(Extracted data entries)
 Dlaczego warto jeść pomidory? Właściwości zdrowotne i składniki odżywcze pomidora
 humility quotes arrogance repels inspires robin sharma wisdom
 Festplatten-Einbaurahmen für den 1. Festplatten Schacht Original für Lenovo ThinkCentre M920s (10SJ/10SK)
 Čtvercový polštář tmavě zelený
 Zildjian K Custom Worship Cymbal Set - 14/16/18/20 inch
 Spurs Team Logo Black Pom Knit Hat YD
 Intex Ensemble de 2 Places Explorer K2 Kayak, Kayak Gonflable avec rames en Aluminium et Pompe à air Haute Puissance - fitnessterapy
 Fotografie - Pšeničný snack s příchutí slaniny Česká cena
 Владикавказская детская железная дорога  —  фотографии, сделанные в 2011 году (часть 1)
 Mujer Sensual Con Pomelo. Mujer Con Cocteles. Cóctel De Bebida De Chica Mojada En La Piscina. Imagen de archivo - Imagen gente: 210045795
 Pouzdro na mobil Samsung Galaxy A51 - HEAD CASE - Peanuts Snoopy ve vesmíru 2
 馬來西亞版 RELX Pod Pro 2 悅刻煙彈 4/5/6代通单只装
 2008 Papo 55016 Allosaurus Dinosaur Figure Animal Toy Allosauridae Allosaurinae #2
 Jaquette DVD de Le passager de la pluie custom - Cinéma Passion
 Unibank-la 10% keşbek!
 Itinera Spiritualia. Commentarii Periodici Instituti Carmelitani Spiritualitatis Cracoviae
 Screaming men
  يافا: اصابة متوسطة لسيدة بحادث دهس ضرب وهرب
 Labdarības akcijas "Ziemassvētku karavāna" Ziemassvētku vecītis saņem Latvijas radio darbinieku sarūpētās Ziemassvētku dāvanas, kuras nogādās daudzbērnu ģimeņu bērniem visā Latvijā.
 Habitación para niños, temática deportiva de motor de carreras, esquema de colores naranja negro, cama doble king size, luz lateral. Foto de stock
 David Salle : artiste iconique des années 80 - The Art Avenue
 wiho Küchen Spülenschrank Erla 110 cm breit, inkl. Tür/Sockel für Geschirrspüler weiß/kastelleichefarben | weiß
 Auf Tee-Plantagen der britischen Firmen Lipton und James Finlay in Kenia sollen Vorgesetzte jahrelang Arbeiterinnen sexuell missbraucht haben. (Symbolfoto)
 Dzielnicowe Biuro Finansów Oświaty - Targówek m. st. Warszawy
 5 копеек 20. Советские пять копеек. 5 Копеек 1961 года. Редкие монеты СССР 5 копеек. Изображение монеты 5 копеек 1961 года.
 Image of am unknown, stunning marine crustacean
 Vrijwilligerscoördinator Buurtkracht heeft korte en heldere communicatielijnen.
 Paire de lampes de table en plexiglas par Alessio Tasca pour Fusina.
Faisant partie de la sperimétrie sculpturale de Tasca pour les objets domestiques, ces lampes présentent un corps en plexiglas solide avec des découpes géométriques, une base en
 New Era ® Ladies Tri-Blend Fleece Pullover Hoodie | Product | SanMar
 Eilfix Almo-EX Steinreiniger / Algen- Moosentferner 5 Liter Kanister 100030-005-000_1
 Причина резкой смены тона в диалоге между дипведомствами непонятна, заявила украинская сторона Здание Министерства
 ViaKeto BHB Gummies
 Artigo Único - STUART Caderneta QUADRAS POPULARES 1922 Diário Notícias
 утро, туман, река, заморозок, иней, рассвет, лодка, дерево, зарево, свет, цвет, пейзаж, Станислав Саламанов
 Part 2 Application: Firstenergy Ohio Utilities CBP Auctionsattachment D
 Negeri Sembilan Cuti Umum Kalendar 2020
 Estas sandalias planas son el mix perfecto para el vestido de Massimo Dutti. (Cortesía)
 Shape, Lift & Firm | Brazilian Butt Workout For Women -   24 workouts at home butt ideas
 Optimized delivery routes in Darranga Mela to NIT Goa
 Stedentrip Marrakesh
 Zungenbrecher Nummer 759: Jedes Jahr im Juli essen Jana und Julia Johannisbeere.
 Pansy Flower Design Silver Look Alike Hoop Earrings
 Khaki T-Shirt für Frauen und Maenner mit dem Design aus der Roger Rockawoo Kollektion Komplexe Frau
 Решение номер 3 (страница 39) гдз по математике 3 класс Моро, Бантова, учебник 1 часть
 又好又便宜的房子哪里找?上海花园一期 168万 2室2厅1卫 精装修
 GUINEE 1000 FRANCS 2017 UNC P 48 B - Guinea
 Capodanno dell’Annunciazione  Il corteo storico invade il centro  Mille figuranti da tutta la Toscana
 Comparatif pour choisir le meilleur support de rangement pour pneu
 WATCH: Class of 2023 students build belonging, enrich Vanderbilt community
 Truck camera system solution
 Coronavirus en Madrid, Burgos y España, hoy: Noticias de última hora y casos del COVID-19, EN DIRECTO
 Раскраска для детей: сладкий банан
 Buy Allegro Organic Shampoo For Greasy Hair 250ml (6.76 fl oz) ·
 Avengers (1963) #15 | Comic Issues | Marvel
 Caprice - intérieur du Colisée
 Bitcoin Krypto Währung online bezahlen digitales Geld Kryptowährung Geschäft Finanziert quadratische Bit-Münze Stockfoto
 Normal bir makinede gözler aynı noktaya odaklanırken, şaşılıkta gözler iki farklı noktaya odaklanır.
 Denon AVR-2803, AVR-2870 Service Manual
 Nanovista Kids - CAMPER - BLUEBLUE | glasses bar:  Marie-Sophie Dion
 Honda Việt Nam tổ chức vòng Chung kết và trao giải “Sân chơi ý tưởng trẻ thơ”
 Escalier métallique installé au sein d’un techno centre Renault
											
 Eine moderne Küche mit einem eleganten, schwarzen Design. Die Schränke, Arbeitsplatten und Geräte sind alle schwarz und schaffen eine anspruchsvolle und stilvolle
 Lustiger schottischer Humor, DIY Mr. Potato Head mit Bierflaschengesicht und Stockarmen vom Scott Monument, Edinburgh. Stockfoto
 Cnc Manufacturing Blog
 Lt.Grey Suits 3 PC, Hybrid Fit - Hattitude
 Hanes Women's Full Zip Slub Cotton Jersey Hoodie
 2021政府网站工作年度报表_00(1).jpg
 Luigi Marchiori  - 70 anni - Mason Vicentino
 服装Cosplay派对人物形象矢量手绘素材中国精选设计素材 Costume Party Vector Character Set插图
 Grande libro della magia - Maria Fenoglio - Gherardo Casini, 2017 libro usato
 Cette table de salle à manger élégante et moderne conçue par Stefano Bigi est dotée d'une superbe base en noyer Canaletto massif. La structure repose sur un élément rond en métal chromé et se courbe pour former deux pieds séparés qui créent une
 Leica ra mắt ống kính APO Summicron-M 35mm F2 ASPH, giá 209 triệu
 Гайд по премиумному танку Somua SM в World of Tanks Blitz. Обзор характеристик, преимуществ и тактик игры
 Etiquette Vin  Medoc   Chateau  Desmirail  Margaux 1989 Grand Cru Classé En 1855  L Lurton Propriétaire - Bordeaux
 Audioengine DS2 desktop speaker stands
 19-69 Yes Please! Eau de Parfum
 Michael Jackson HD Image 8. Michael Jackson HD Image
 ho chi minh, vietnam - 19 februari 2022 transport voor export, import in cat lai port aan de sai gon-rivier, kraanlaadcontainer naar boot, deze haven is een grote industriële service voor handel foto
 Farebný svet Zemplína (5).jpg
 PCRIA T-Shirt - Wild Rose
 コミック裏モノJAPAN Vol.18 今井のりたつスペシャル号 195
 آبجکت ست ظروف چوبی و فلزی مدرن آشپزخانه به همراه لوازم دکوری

**WHAT TO WORK ON:** Every line of the records above where the string "lampes" is found should be copied.

**COMPLETED TASK:**
 Paire de lampes de table en plexiglas par Alessio Tasca pour Fusina.
Faisant partie de la sperimétrie sculpturale de Tasca pour les objets domestiques, ces lampes présentent un corps en plexiglas solide avec des découpes géométriques, une base en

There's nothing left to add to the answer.